Ian Rosales Casocot (born 17 August 1975) is a Filipino journalist and writer of speculative fiction, literary fiction, poetry, drama, and creative nonfiction from Dumaguete, Philippines. He is known for his prizewinning short stories "Old Movies," "The Hero of the Snore Tango," "Rosario and the Stories," "A Strange Map of Time," "The Sugilanon of Epefania's Heartbreak," and "Things You Don't Know." He maintained A Critical Survey of Philippine Literature, a website on Filipino writings and literary criticism.

Casocot also does graphic design, and taught literature, creative writing, and film at Silliman University in Dumaguete, where he was the founding coordinator of the Edilberto and Edith Tiempo Creative Writing Center, and where he was the Literary Arts and Cinema Vice-Chair of the Silliman University Culture and Arts Council.

==Education==
Casocot studied at the International Christian University (Tokyo, Japan) in 1998, and Silliman University (Dumaguete, Philippines) where he graduated cum laude with a B.A. in Mass Communication in 1999, and then an M.A. in English (Creative Writing) in 2012.

==Writing fellowships==
He was a fellow for fiction at the Silliman University National Writers Workshop in Dumaguete in 2000, the Iligan National Writers Workshop in 2002, and the University of the Philippines National Writers Workshop in Baguio in 2008. He would later become coordinator and then panelist of the Silliman University National Writers Workshop, which was founded by Philippine writers Edilberto K. Tiempo and National Artist Edith Tiempo in 1962.

In 2010, he represented the Philippines for the Fall Residency of the International Writing Program of the University of Iowa in Iowa City.

==Books and publications==
He is the author of six collections of short stories, including Old Movies and Other Stories (NCCA, 2005), Beautiful Accidents (University of the Philippines Press, 2011), Heartbreak & Magic: Stories of Fantasy and Horror (Anvil, 2011), First Sight of Snow and Other Stories (Et Al Books, 2014).

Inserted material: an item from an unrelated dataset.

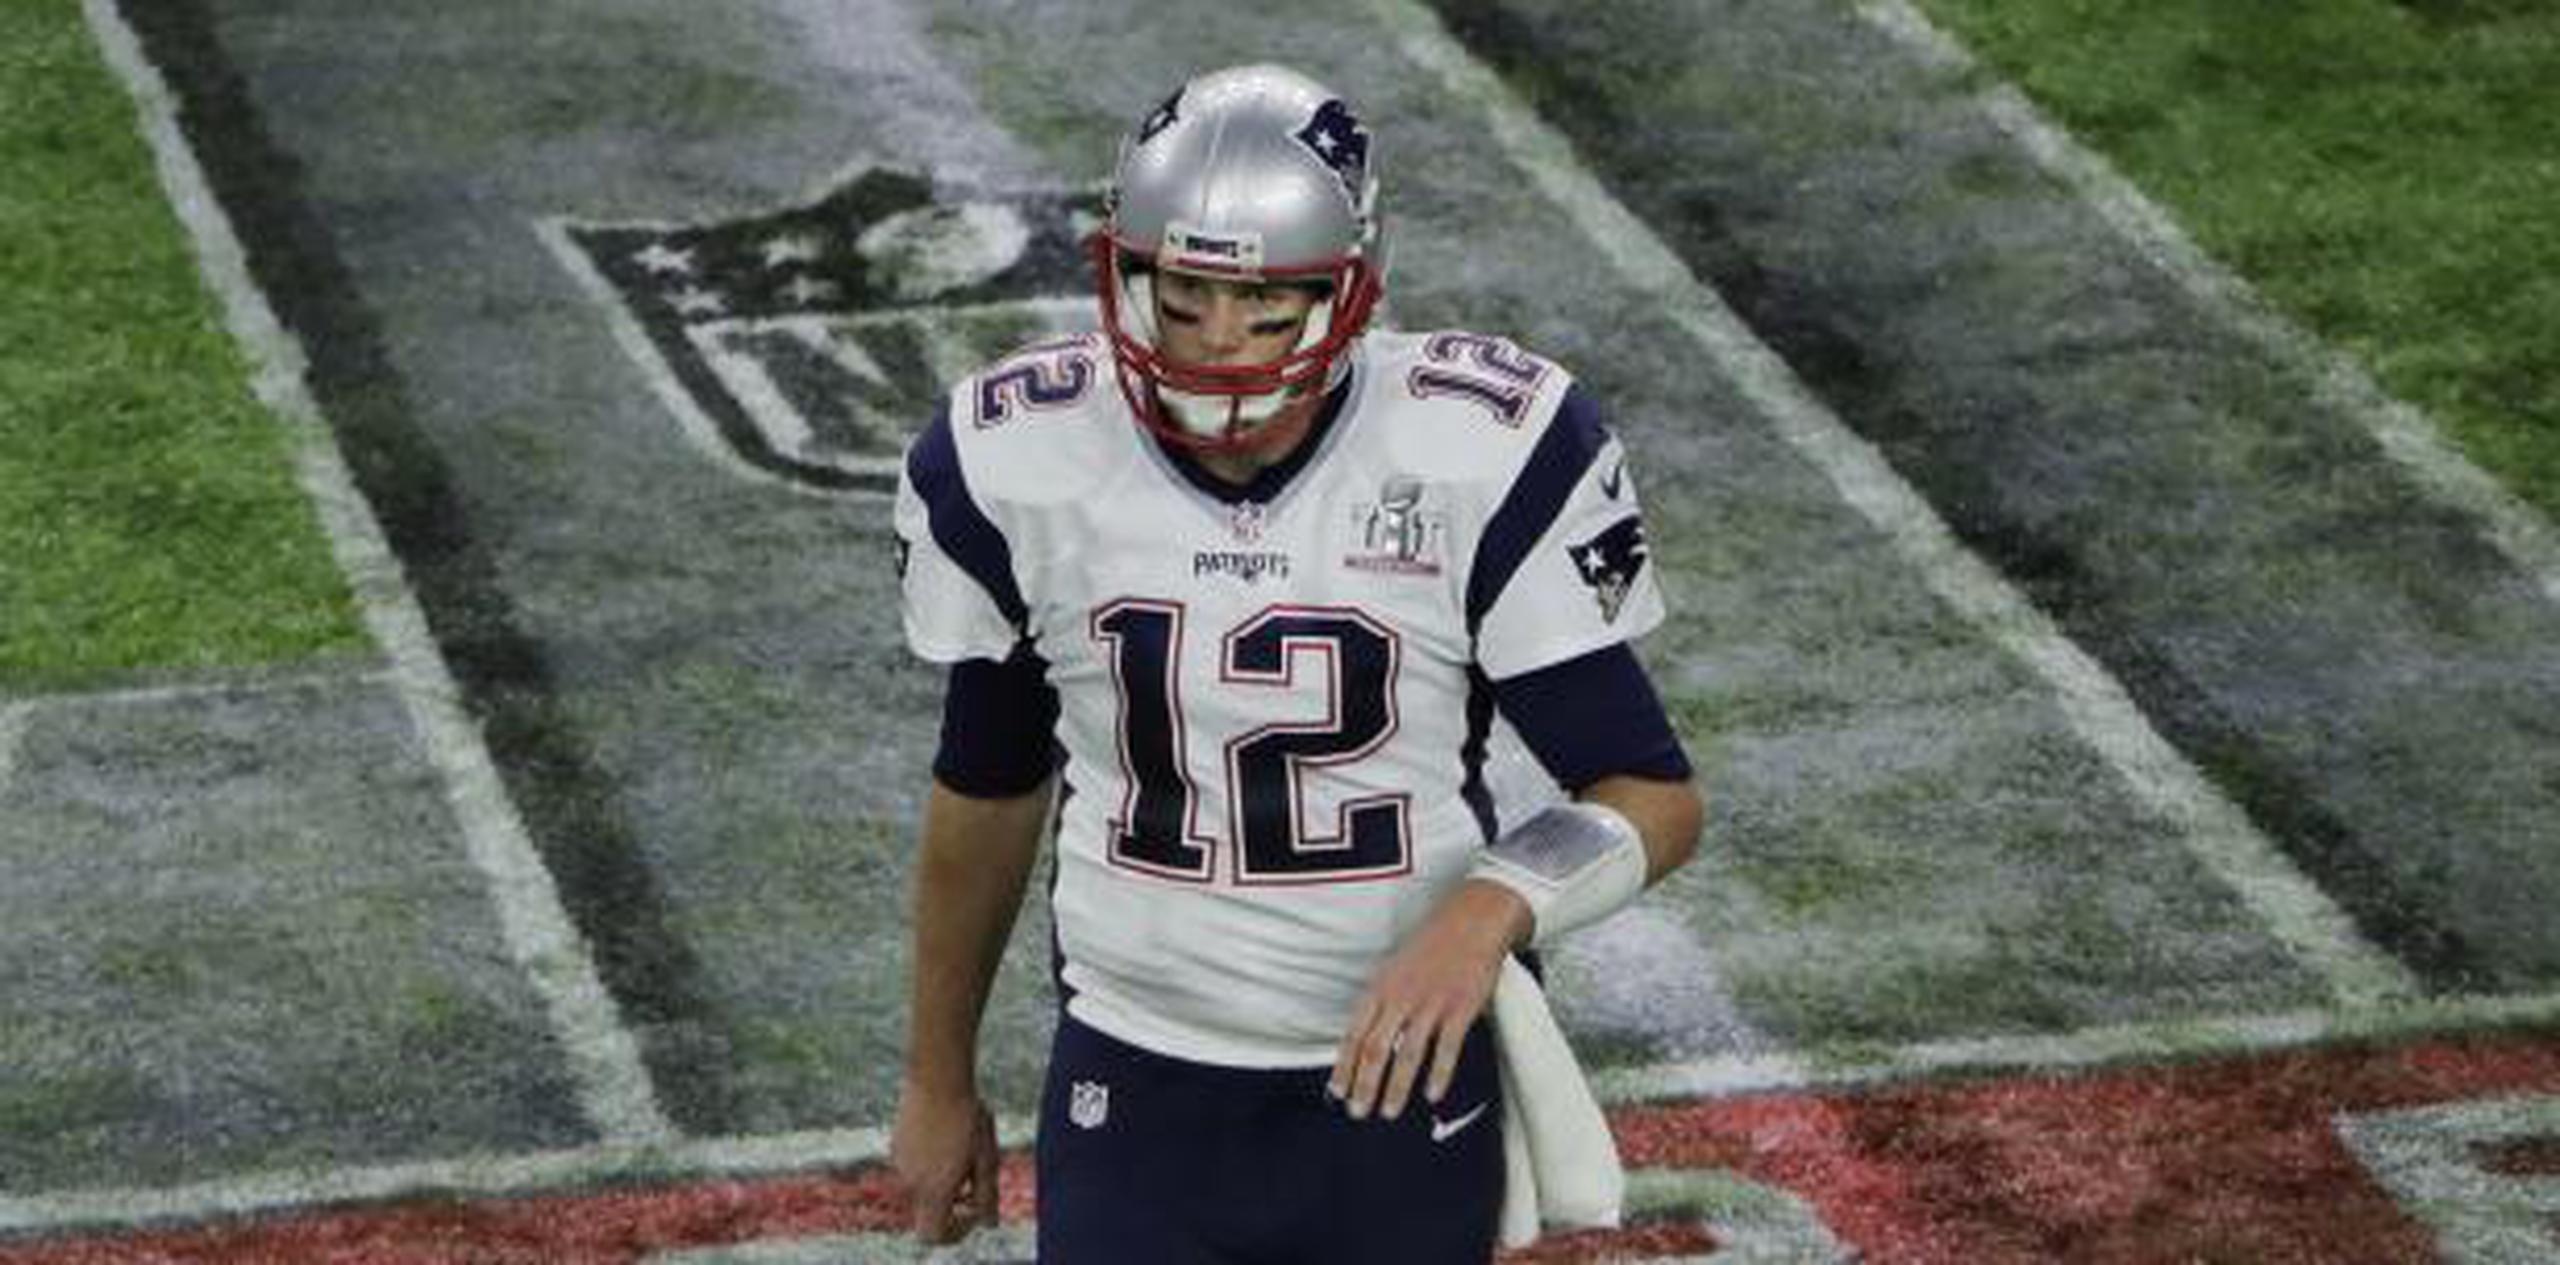 El jersey de Brady desapareció de los camerinos de los Patriots de Nueva Inglaterra en el NRG Stadium de Houston, después de la victoria del domingo sobre los Falcons de Atlanta en el Super Bowl LI. (Archivo)

Don't Tell Anyone [co-authored with Shakira Andrea Sison] (Anvil, 2017), and Bamboo Girls: Stories and Poems from a Forgotten Life (Ateneo de Naga University Press, 2018). Where You Are is Not Here, another short story collection, is forthcoming. Beautiful Accidents, his collection of stories with frank LGBT themes, was nominated for the National Book Award in 2012.

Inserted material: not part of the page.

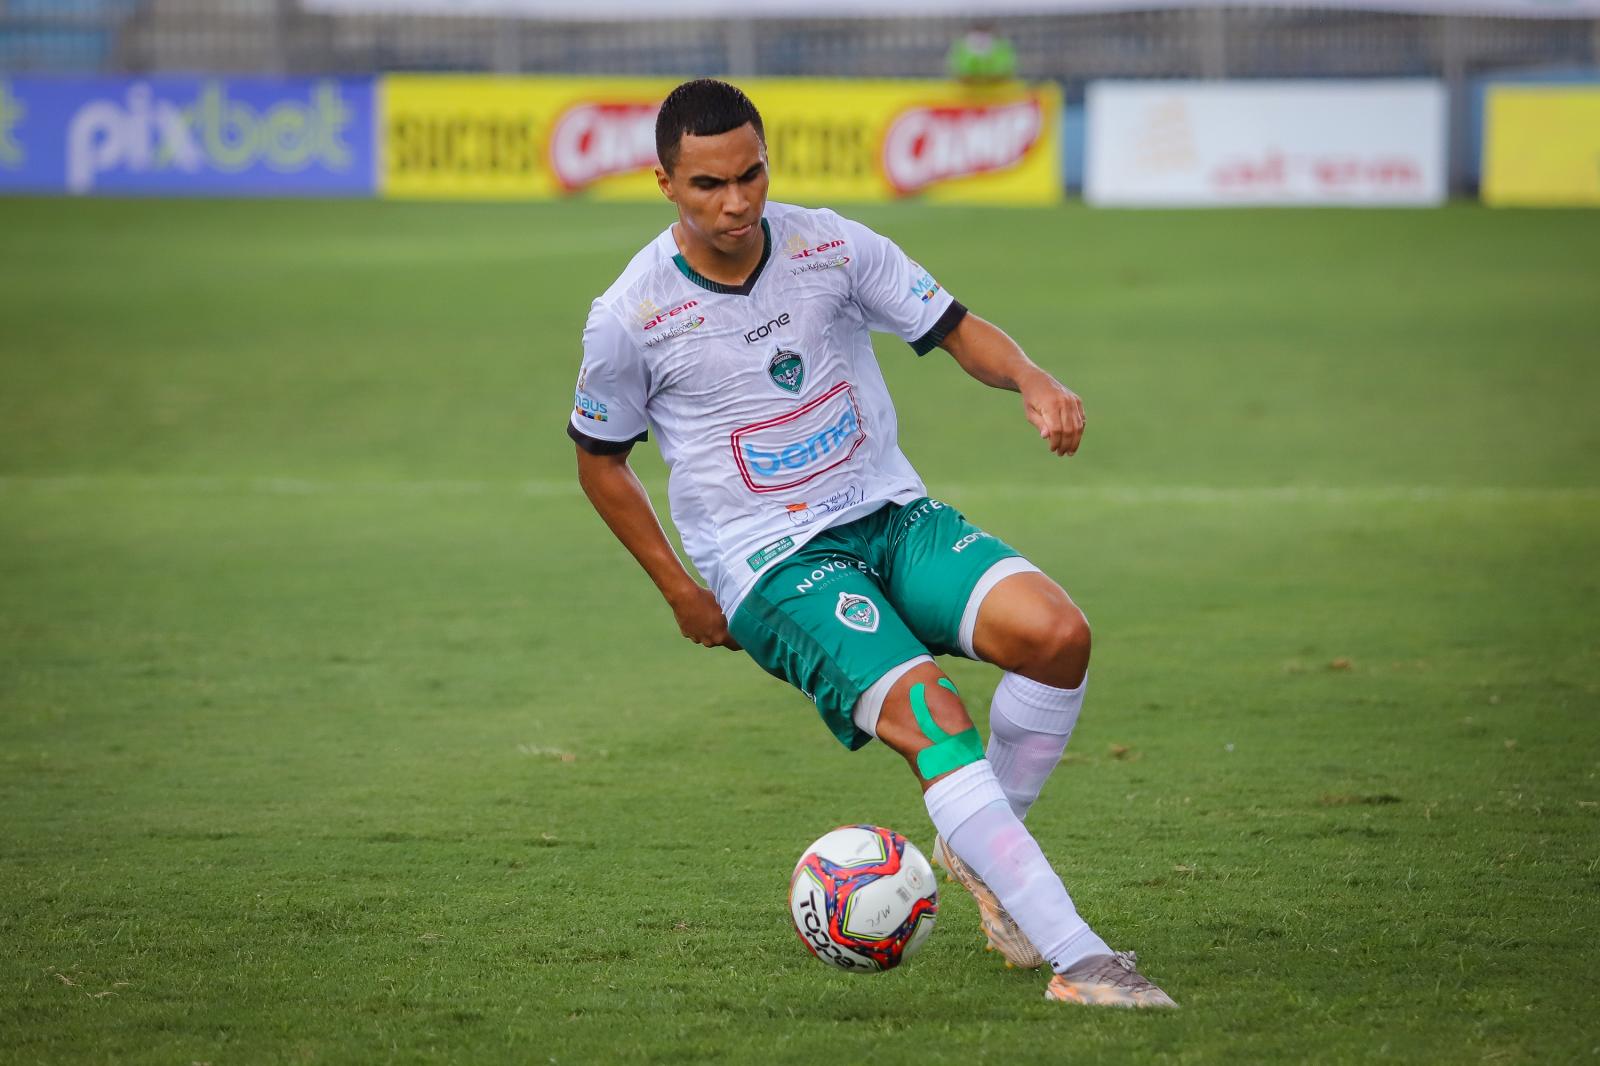 Manaus FC anuncia saída de Gabriel Davis, Dudu Mandai e Rafhael Lucas

He has also authored a biography of Dumaguete stateswoman and entrepreneur Ma. Luisa Locsin, Inday Goes About Her Day (Locsin Books, 2012), and edited Handulantaw (Cultural Affairs Committee, 2013), a coffee-table book celebrating the arts and culture of Silliman University. He has also edited two landmark anthologies, Future Shock Prose: An Anthology of Young Writers and New Literatures (Silliman Press, 2002), which was nominated as Best Anthology in the National Book Awards given by the Manila Critics Circle, and Celebration: An Anthology Commemorating the Fiftieth Anniversary of the Silliman University National Writers Workshop (Silliman Press, 2013).

His short stories, poems, and essays have been published in various anthologies, and in Rogue Magazine, Esquire Philippines Magazine, Smile Magazine, CNN Philippines, 8List, The Sunday Times, Sands & Coral, Dapitan, Tomas, Philippines Free Press, Philippines Graphic, Sunday Inquirer Magazine, and Philippine Daily Inquirer. He also writes two weekly columns, "The Spy in the Sandwich" for Visayan Daily Star and "Tempest in a Coffee Mug" for Dumaguete MetroPost.

==Awards==
He is the recipient of five Don Carlos Palanca Memorial Awards for Literature and an NVM Gonzalez Prize for his fiction, and his novel Sugar Land was long-listed in the 2008 Man Asian Literary Prize.

His children's book Rosario and the Stories garnered him an honorable mention in the 2006 PBBY-Salanga Writer's Prize. His stories "A Strange Map of Time" and "The Sugilanon of the Epefania’s Heartbreak" have also won the top prizes in the Fully-Booked/Neil Gaiman Philippine Graphic/Fiction Awards, the only writer in the award's history who has done so.

==Films==
Casocot has directed the short film "Trahedya sa Kabila ng Liwanag," and produced the documentary City of Literature, directed by the Chinese filmmaker Zhao Lewis Liu.

For many years, he is Director of the Silliman Film Open, and is the 2017-2019 Visayas Representative for the National Committee on Cinema of the National Commission for Culture and the Arts.